When struggling later in life with a very difficult issue I was blessed to have a good friend there by my side who was able to help me at every step by asking me, “what do you need from me?”  Never making judgments as to how I was handling certain situations, how I responded to events or even why I put up certain walls around me – just simply accepting who I was and asking how they could be there for me at that very moment.  One of the biggest things that helped was being able to have someone there who would listen to me without trying to fix it for me.

When in transition or progression your person has a whole range of feelings that they are dealing with and sometimes are not even able to verbalize them for themselves.  Do not expect them to be able to share everything with you or even explain why certain things upset them one day and not the next.  Change is hard and even it if is a good change it is met with resistance – it doesn’t always make sense but there it is.

What your person needs the most is patience, a listening ear and for you to know what works best for them at the time they need it.  Sometimes they need a swift kick in the butt – knowing your person as well as you do you will know when to employ this tactic.  Sometimes they just need you to listen to them without giving the thumbs up or thumbs down.

It is as hard on the support person as it is the person in transition because you only know half the story at best – remember the trouble in expressing all the internal crap?  There is another important aspect that you need to keep in mind too – you do have a voice in this.

Sometimes our people come to us and want our help but they make it impossible for us to help them.  Think about a time when your person came to you and said they are miserable and want to do something and they need your help.  But then every time you talk about it the whole conversation is a pity party or a poor me and any time you offer any words resembling support they shoot it down.  This sucks, and it can suck the life out of you.  This is when you have the right – as your own person – to air your feelings.  It is perfectly acceptable to tell your person that you want to help but you really do not think they want it or you cannot provide the help they need.  If you feel all they want is someone to vent to you can do that but only to a certain point and you can draw the line at when enough is enough.

I had a friend years ago that I adored, she was funny, smart and a beautiful soul.  Unfortunately she still held a lot of anger and resentment from her divorce.  As our friendship grew it the complaining, hatred, anger and pitying became more and more intense and frequent to the point that an entire evening was consumed with her sarcastic or sad commentary on how things should be different.  It got to the point that I had to tell her that as much as I cared about her I could not hang out with her any more.
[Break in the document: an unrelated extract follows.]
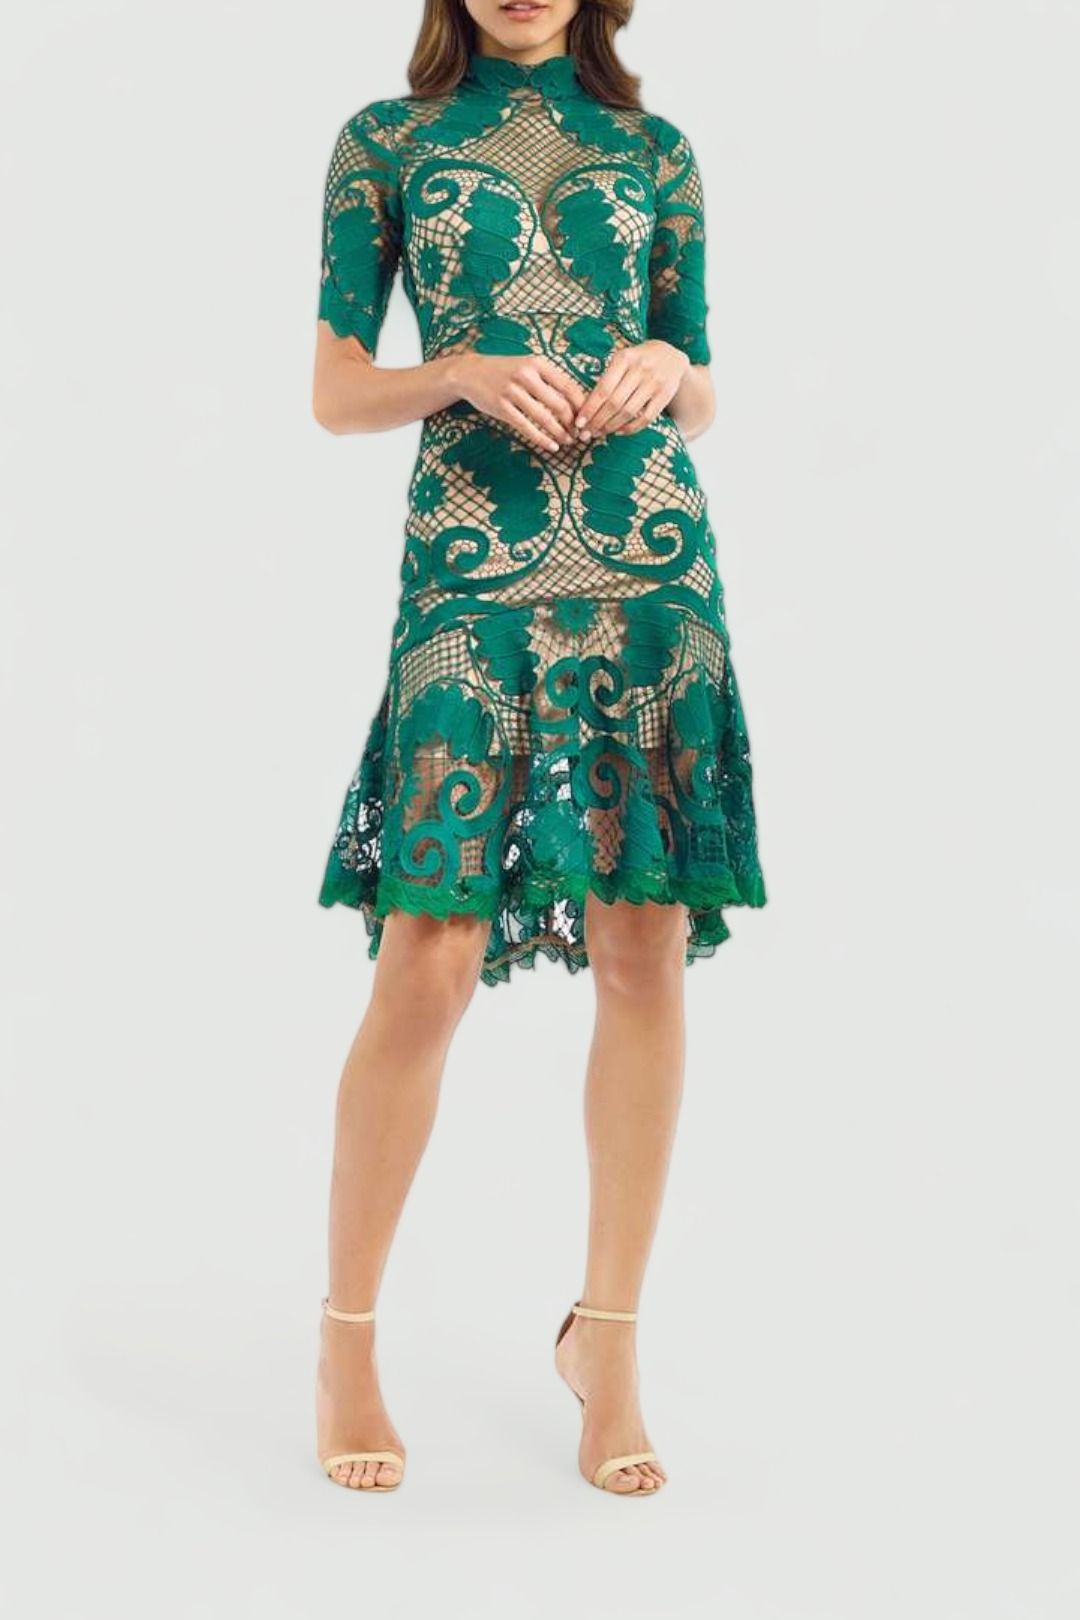 Thurley - Babylon Lace Dress - Emerald - Front
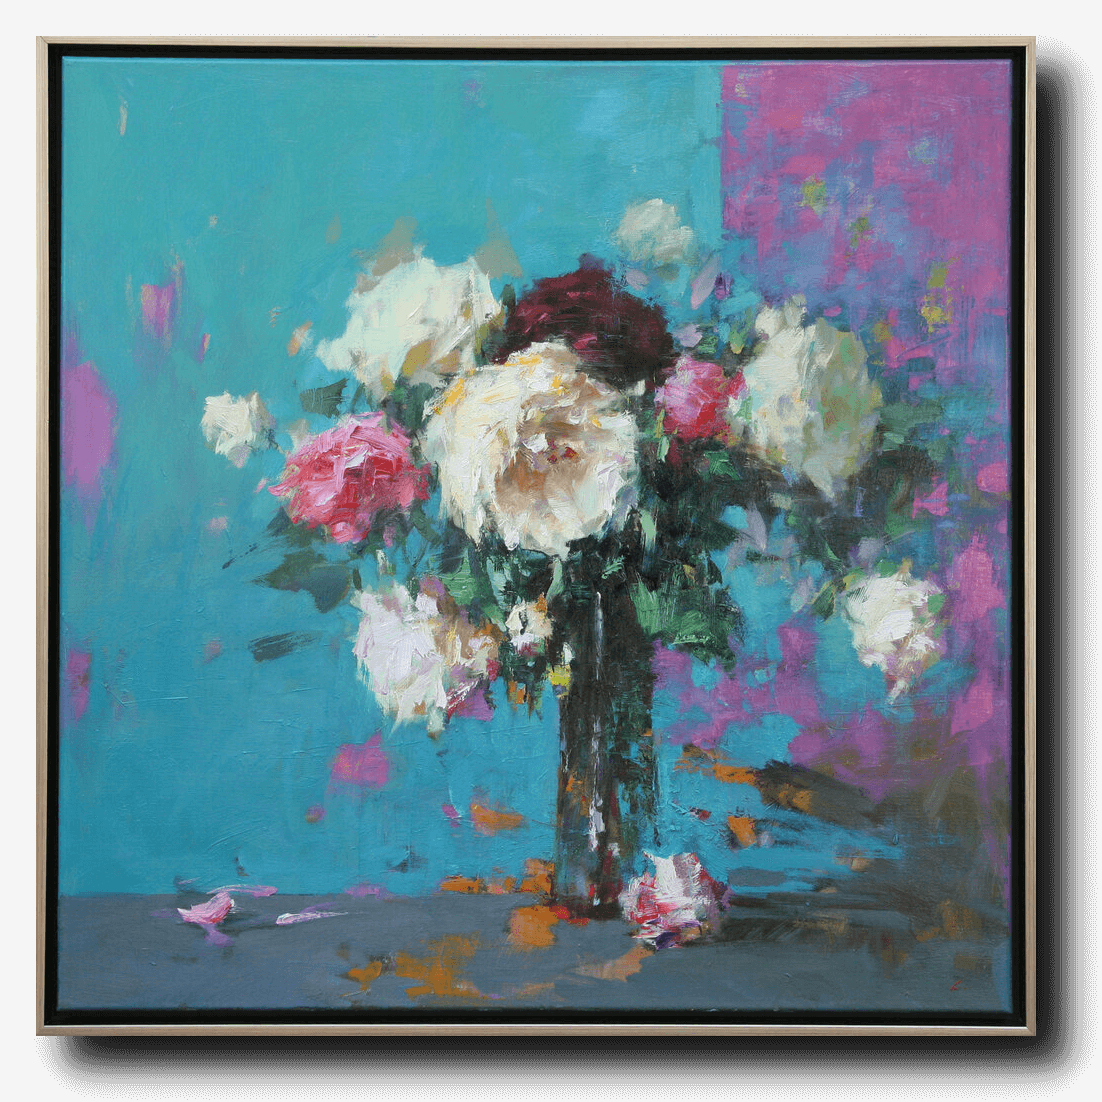 Roses with Blue and Pink Wall by Ning Lee at LePrince Galleries

She wasn’t ready to move forward and I wasn’t ready to go through the emotional war zone every single time we were together.  Within a couple of weeks after we stopped hanging out I could not believe how much lighter my mood was because I was no longer saddled with her crap.  Sometimes people do not want to let go of their crap – that does not mean that you need to take it on and own it.  Sometimes you need to limit it or eliminate it all together.

Be honest with your person because in the end they may not realize that they are clinging to their crap so tightly that they are not allowing anything else to come into their world and your putting limits on it or having to walk away may be the wake up call they need.  It may be the wake up call you need, too.  You have your own stuff you are dealing with in your own world and you have other people so is it really fair for you to take on all of theirs?  No.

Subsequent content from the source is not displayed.